Moreover, there are crucial issues that relate to the political will of the strong international powers to identify Iranian violations, and then confront them with necessary determination. Will this political will be present? For the US and the P5+1? The problems with snapback sanctions have been well documented, especially when matched with Iran’s explicit threat to exit the deal if sanctions are reimposed. And why would military force in the scenario of a serious violation down the road be any more of an option then than it is today? In fact, it will very likely be even less, if it becomes apparent that Iran is very close to a nuclear weapon.
Siegfried S. Hecker, American nuclear scientist (State Department photo/ Public Domain)
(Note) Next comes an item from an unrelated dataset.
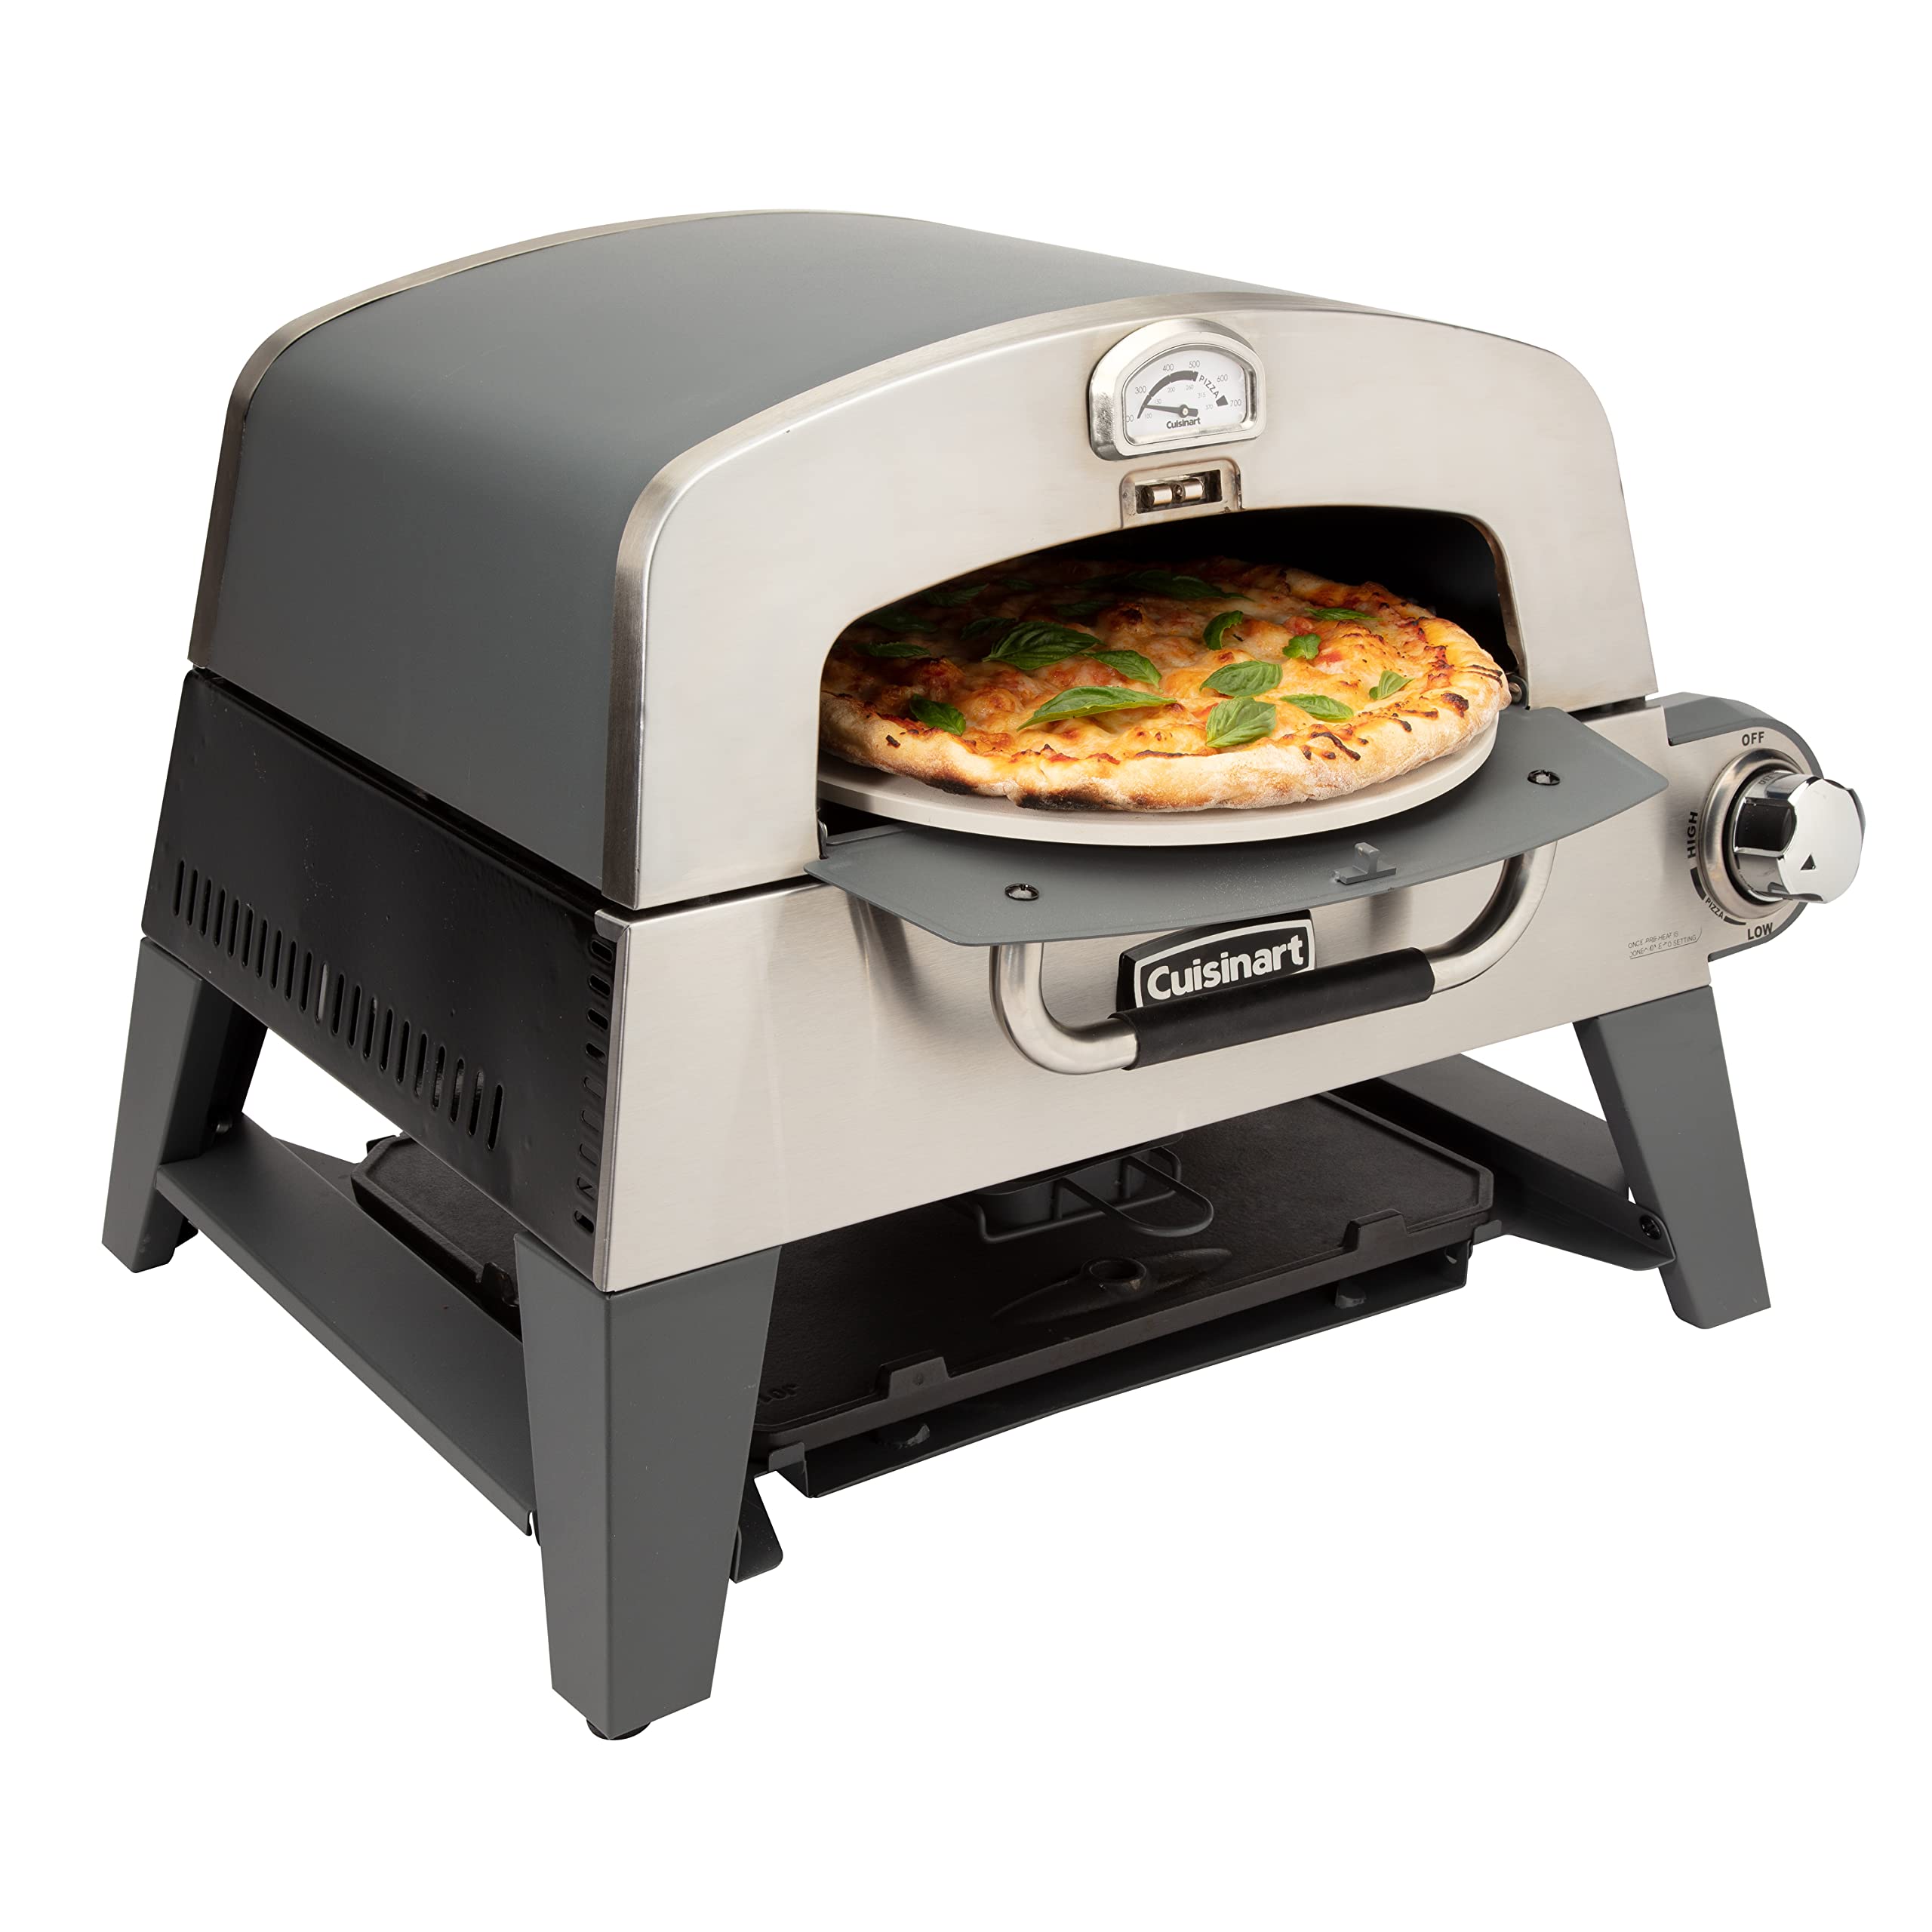 Cuisinart CGG-403 3-in-1 Pizza Oven Plus, Griddle, and ...
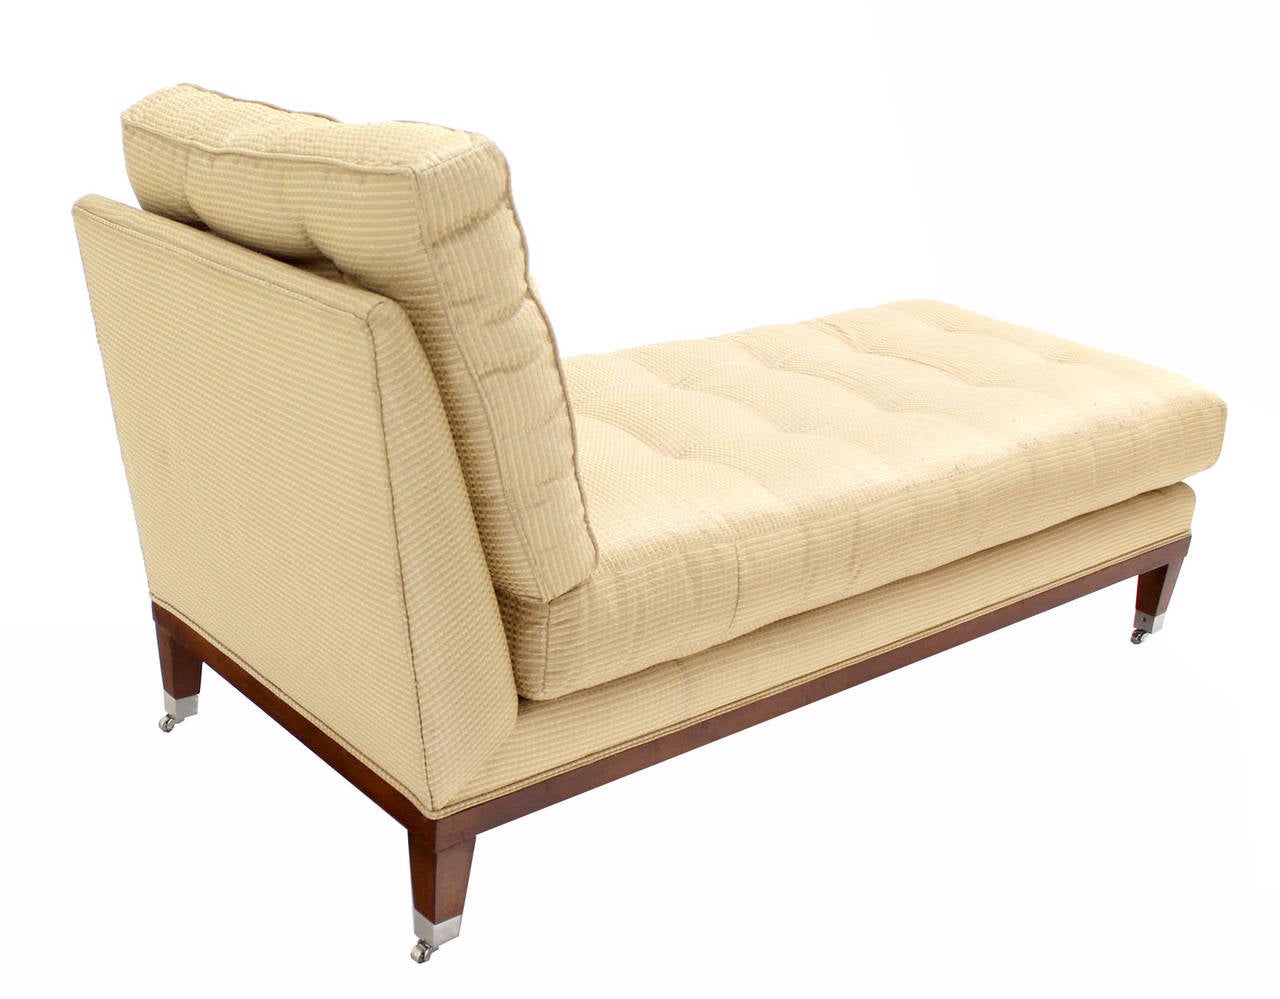 Very comfortable modern style chaise longue.

Interestingly, at least one of the scientists that signed the letter is well-versed in how a determined proliferator can lie and cheat, and ultimately get away with it – to the point that it becomes a nuclear state. That is what happened in the case of North Korea, and the scientist in question is Siegfried Hecker. In 2010, Hecker was one of the American scientists invited to North Korea to see the new and modern uranium enrichment facility that North Korea had constructed at Yongbyon, with the international community powerless to stop it. Shouldn’t the experience of North Korea have impressed upon this scientist how dangerous proliferators can deceive the international community, even after making deals?
Finally, it is not clear what the scientists are referring to when they say that the deal has “more stringent constraints than any previously negotiated nonproliferation framework.” Do they mean compared to the NPT? Well, that’s not saying much. Or maybe they mean compared to the deal struck with Libya in 2003? No, that couldn’t be it either, because that deal actually signaled a Libyan decision to reverse course on all categories of WMD, and dealt with the nuclear realm at a very initial stage. That would qualify as a good nonproliferation agreement, a far cry from the current deal with Iran.
As a vote of support for the administration’s talking points – the letter is fine. But to be taken seriously as an authoritative judgment of the Iran deal – that will “advance the cause of peace and security in the Middle East” – then with all due respect to the signatories and their impressive scientific achievements, there is no getting around the conclusion that it simply doesn’t make the cut.